Start of MATERIAL SUPPLIED

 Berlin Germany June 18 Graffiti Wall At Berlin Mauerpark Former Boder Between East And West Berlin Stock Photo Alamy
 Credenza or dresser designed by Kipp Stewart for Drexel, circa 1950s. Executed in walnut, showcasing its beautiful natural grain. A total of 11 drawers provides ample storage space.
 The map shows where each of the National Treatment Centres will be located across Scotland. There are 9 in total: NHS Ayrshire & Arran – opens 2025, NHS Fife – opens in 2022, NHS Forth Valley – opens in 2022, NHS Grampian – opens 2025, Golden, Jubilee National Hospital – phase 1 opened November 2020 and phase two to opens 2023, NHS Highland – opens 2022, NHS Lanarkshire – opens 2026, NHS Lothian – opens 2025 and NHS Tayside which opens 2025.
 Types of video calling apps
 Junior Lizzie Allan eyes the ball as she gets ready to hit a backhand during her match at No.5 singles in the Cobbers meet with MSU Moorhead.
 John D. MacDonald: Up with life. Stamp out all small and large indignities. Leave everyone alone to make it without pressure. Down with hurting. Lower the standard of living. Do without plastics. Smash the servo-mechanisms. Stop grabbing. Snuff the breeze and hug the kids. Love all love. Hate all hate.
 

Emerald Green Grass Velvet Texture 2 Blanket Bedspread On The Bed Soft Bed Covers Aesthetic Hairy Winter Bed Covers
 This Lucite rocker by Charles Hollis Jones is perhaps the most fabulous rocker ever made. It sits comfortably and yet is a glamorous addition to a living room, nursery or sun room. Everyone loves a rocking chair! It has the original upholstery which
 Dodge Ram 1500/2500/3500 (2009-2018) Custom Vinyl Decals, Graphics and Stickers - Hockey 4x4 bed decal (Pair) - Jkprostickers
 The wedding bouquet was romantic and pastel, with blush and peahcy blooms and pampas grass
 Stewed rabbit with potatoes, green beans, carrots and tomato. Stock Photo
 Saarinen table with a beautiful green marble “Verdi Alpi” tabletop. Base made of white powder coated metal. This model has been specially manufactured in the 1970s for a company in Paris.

End of MATERIAL SUPPLIED

YOUR TASK: Take the entries above and repeat them verbatim.

WRITTEN SOLUTION:
 Berlin Germany June 18 Graffiti Wall At Berlin Mauerpark Former Boder Between East And West Berlin Stock Photo Alamy
 Credenza or dresser designed by Kipp Stewart for Drexel, circa 1950s. Executed in walnut, showcasing its beautiful natural grain. A total of 11 drawers provides ample storage space.
 The map shows where each of the National Treatment Centres will be located across Scotland. There are 9 in total: NHS Ayrshire & Arran – opens 2025, NHS Fife – opens in 2022, NHS Forth Valley – opens in 2022, NHS Grampian – opens 2025, Golden, Jubilee National Hospital – phase 1 opened November 2020 and phase two to opens 2023, NHS Highland – opens 2022, NHS Lanarkshire – opens 2026, NHS Lothian – opens 2025 and NHS Tayside which opens 2025.
 Types of video calling apps
 Junior Lizzie Allan eyes the ball as she gets ready to hit a backhand during her match at No.5 singles in the Cobbers meet with MSU Moorhead.
 John D. MacDonald: Up with life. Stamp out all small and large indignities. Leave everyone alone to make it without pressure. Down with hurting. Lower the standard of living. Do without plastics. Smash the servo-mechanisms. Stop grabbing. Snuff the breeze and hug the kids. Love all love. Hate all hate.
 

Emerald Green Grass Velvet Texture 2 Blanket Bedspread On The Bed Soft Bed Covers Aesthetic Hairy Winter Bed Covers
 This Lucite rocker by Charles Hollis Jones is perhaps the most fabulous rocker ever made. It sits comfortably and yet is a glamorous addition to a living room, nursery or sun room. Everyone loves a rocking chair! It has the original upholstery which
 Dodge Ram 1500/2500/3500 (2009-2018) Custom Vinyl Decals, Graphics and Stickers - Hockey 4x4 bed decal (Pair) - Jkprostickers
 The wedding bouquet was romantic and pastel, with blush and peahcy blooms and pampas grass
 Stewed rabbit with potatoes, green beans, carrots and tomato. Stock Photo
 Saarinen table with a beautiful green marble “Verdi Alpi” tabletop. Base made of white powder coated metal. This model has been specially manufactured in the 1970s for a company in Paris.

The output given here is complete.